** Problem **
Go to the line holding "Jordan 12 GS" in the data below and repeat it exactly, then each line after it up to and including the one holding "Discontinued cereals Cap'n Crunch". Omit pictures.

** Data for the task **
══════════
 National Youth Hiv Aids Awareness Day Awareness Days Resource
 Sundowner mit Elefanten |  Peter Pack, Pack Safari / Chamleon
══════════
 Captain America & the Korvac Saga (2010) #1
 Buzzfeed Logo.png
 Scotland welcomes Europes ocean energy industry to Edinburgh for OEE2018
══════════
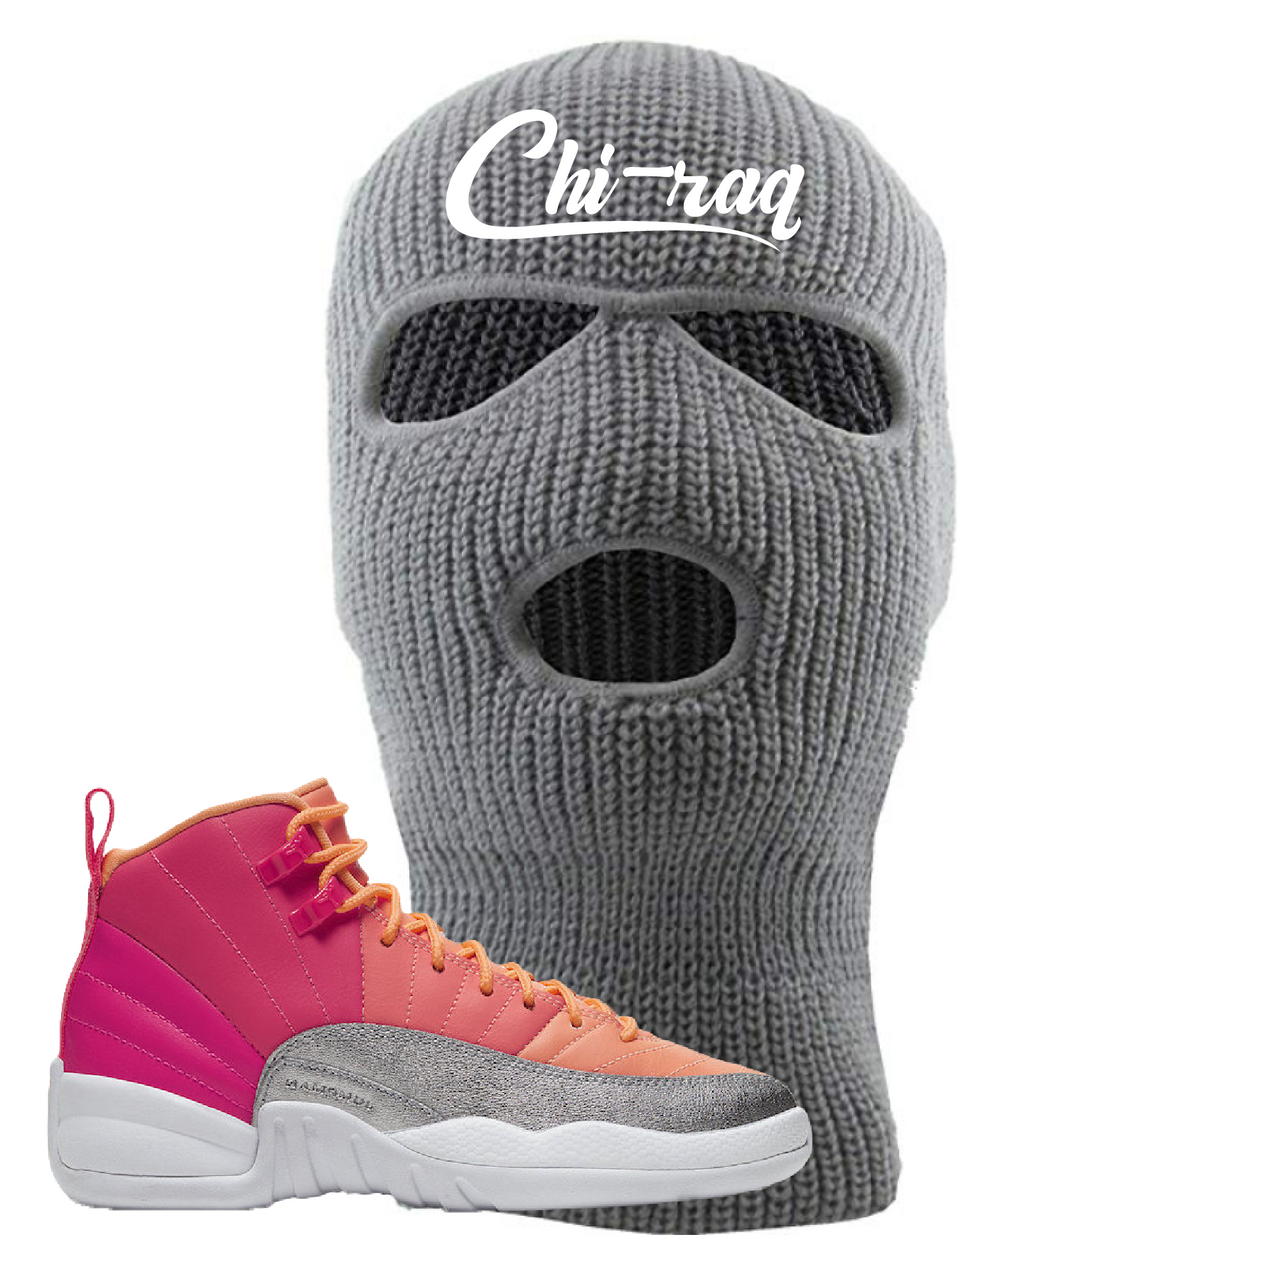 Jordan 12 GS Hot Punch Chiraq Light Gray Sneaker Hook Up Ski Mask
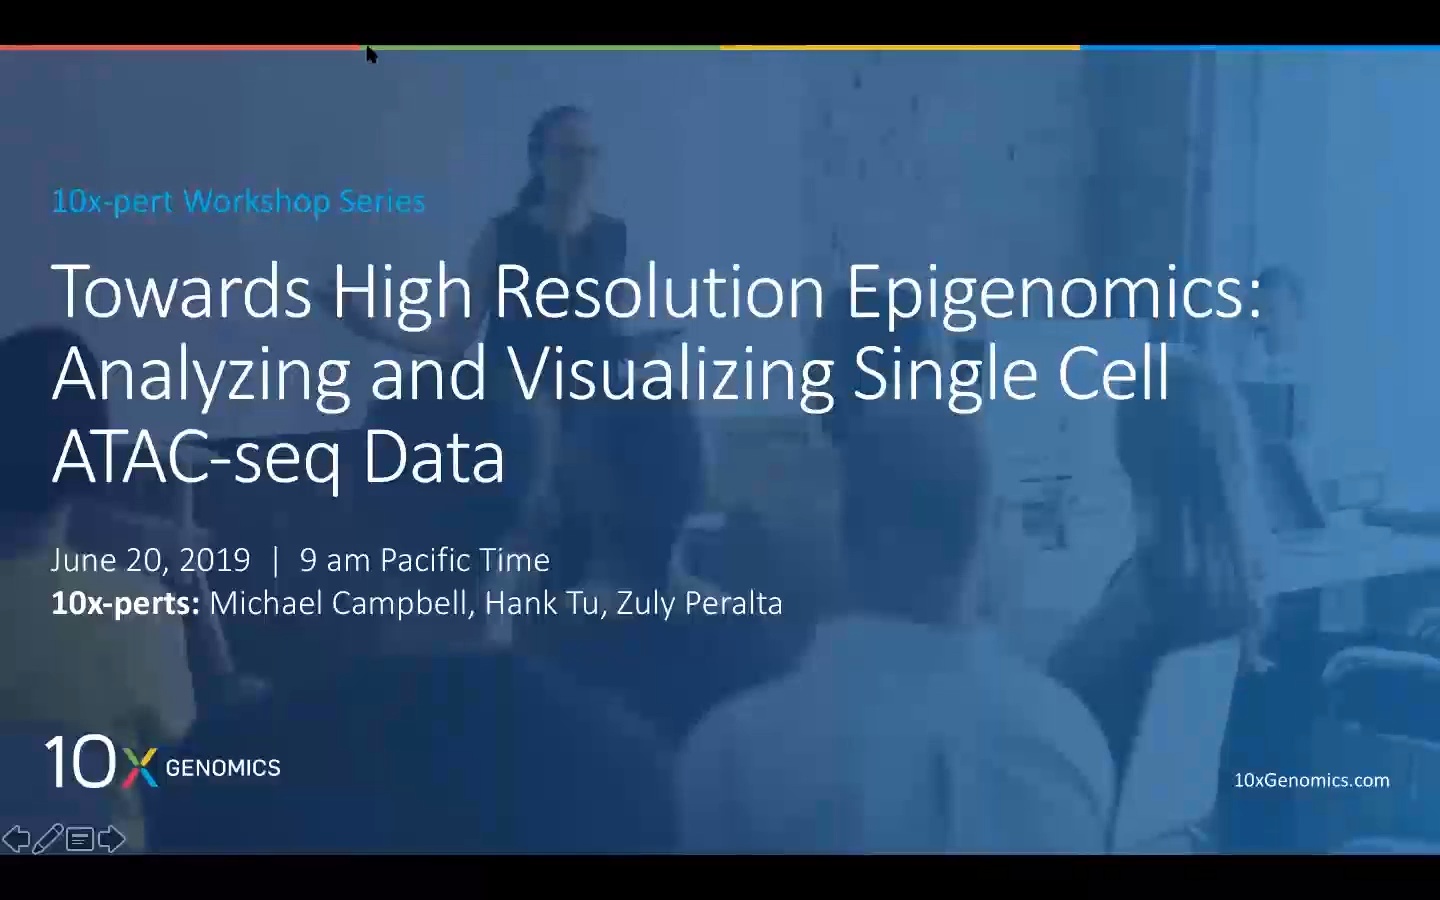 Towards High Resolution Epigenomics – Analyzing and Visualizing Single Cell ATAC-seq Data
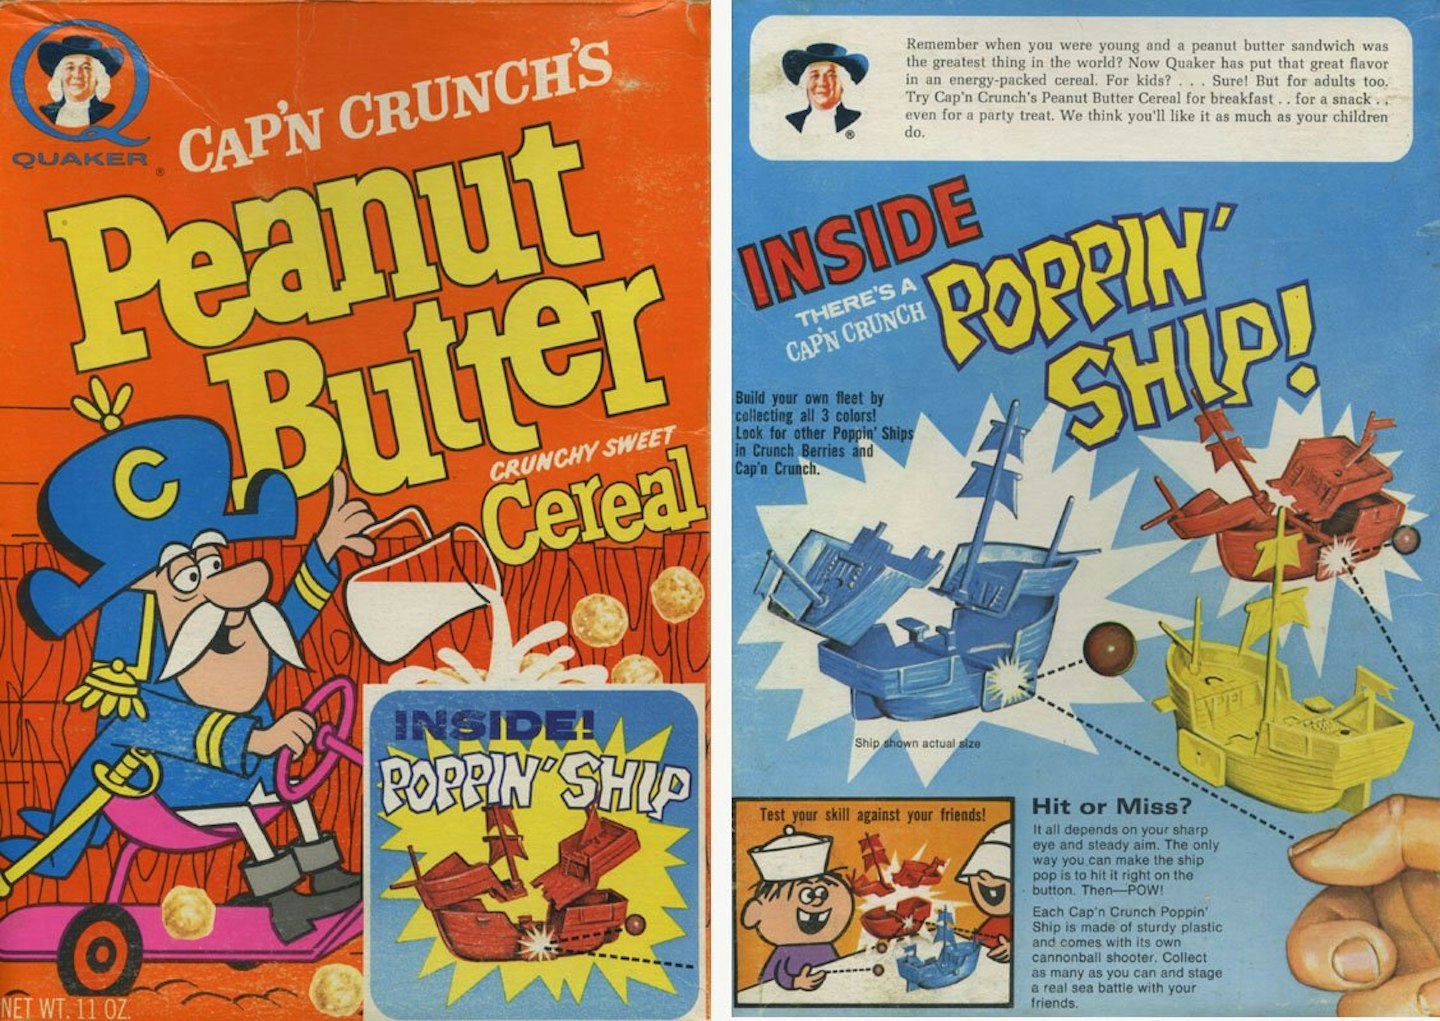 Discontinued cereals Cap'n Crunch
══════════
** Solution below **
 Jordan 12 GS Hot Punch Chiraq Light Gray Sneaker Hook Up Ski Mask
 Towards High Resolution Epigenomics – Analyzing and Visualizing Single Cell ATAC-seq Data
 Discontinued cereals Cap'n Crunch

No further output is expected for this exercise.